How do we know this? Because even during this time of separation, while our sin is still on him, knowing death is eminent and necessary for our good, Jesus gave up a loud cry (Matt 27:50, Mark 15:37) and said “Father, into your hands I commit my spirit” (Luke 23:46).  Jesus breathed his last breath, trusting his Father God. I have not read anything in scripture that makes me think there was any reassurance given Jesus between his feelings of separation and his declaration of trust in committing his spirit to God. His total surrender in the garden was demonstration of his trust in God to see him through. Even in this feeling of being forsaken, he knew that somehow his Father God would allow him to rise again on the third day (John 2:19).
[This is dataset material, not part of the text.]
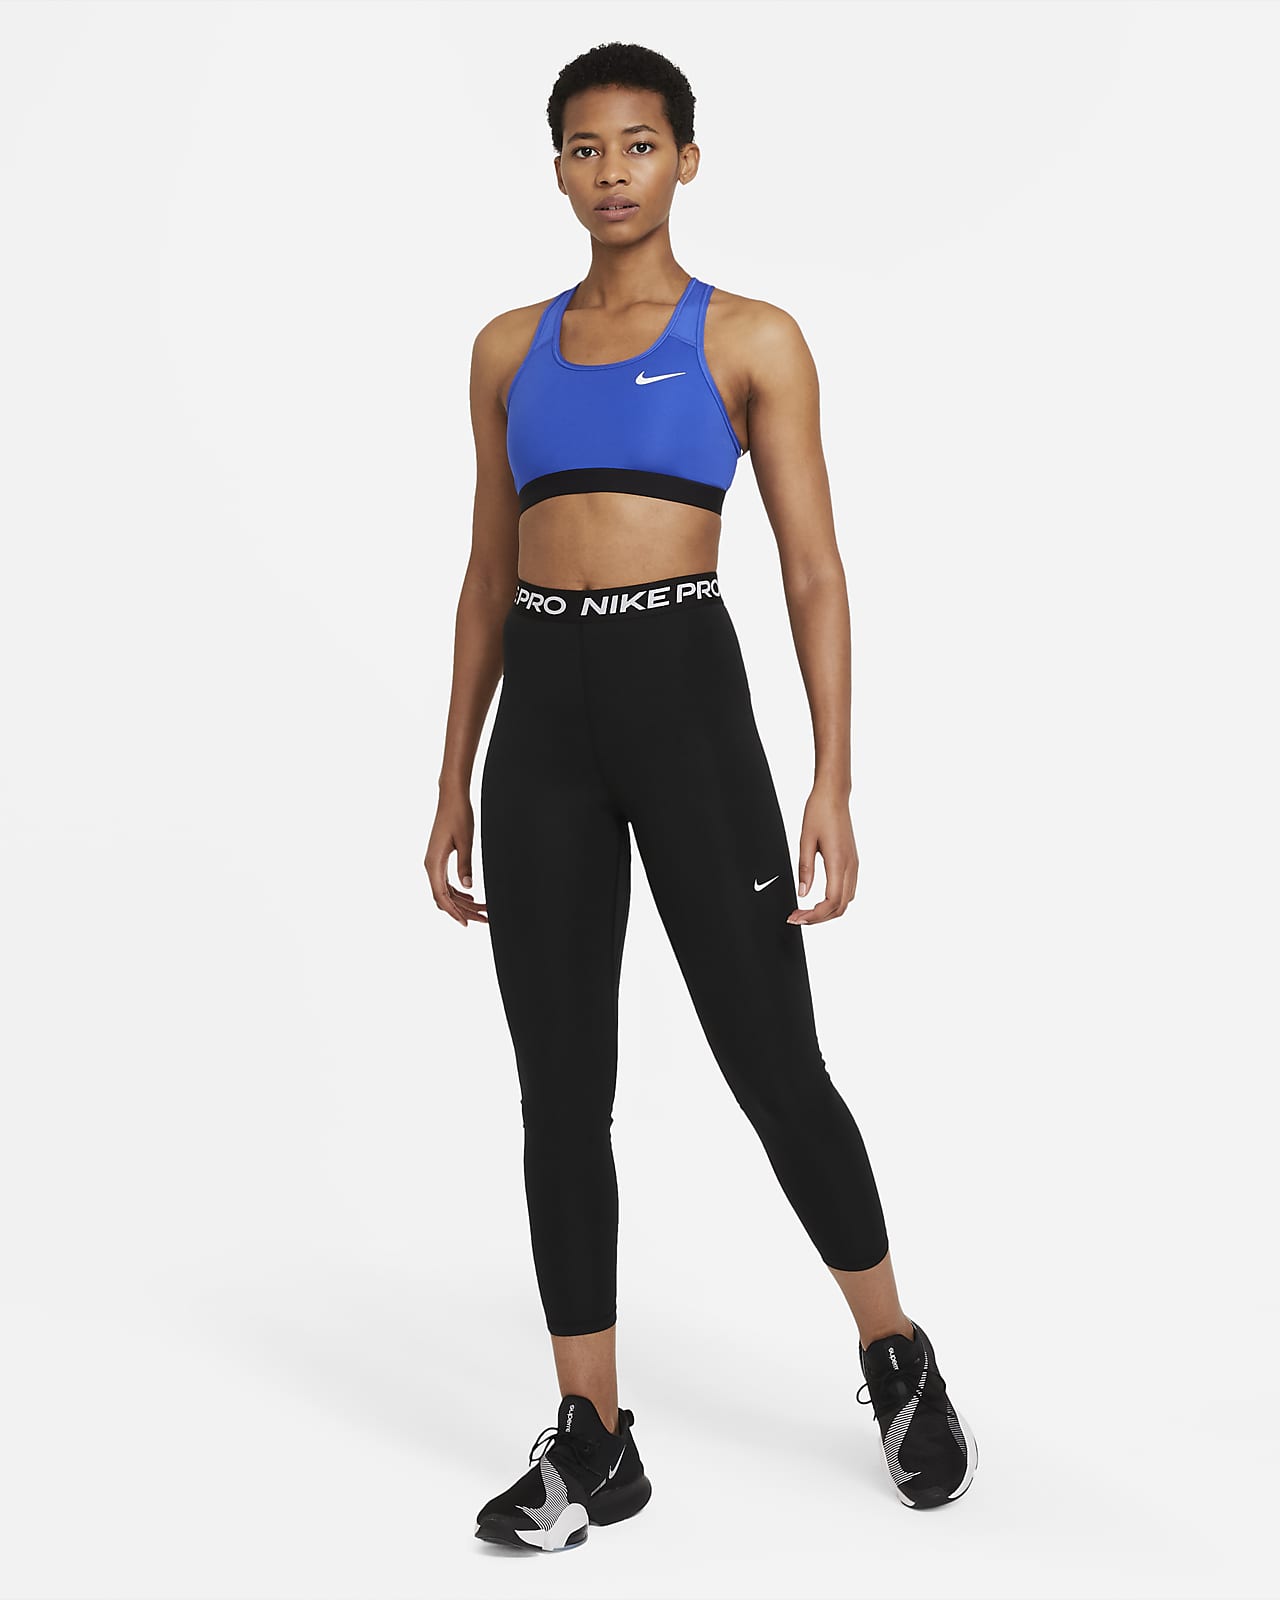 Nike Pro 365 Women's High-Waisted 7/8 Mesh Panel Leggings. Nike BG

In my own struggles with grief, I know I have to surrender to God. I cannot change what has happened. I can only move on from here. Am I committed to trusting Him even when I feel forsaken? Do I trust Him enough to lift my empty arms in surrender and praise because I know I am not abandoned and alone? Only He can fill them. Only He can satisfy. And only through surrender. Only when I can say “Father, into your hands I commit my spirit, my hurt, my life, my all.”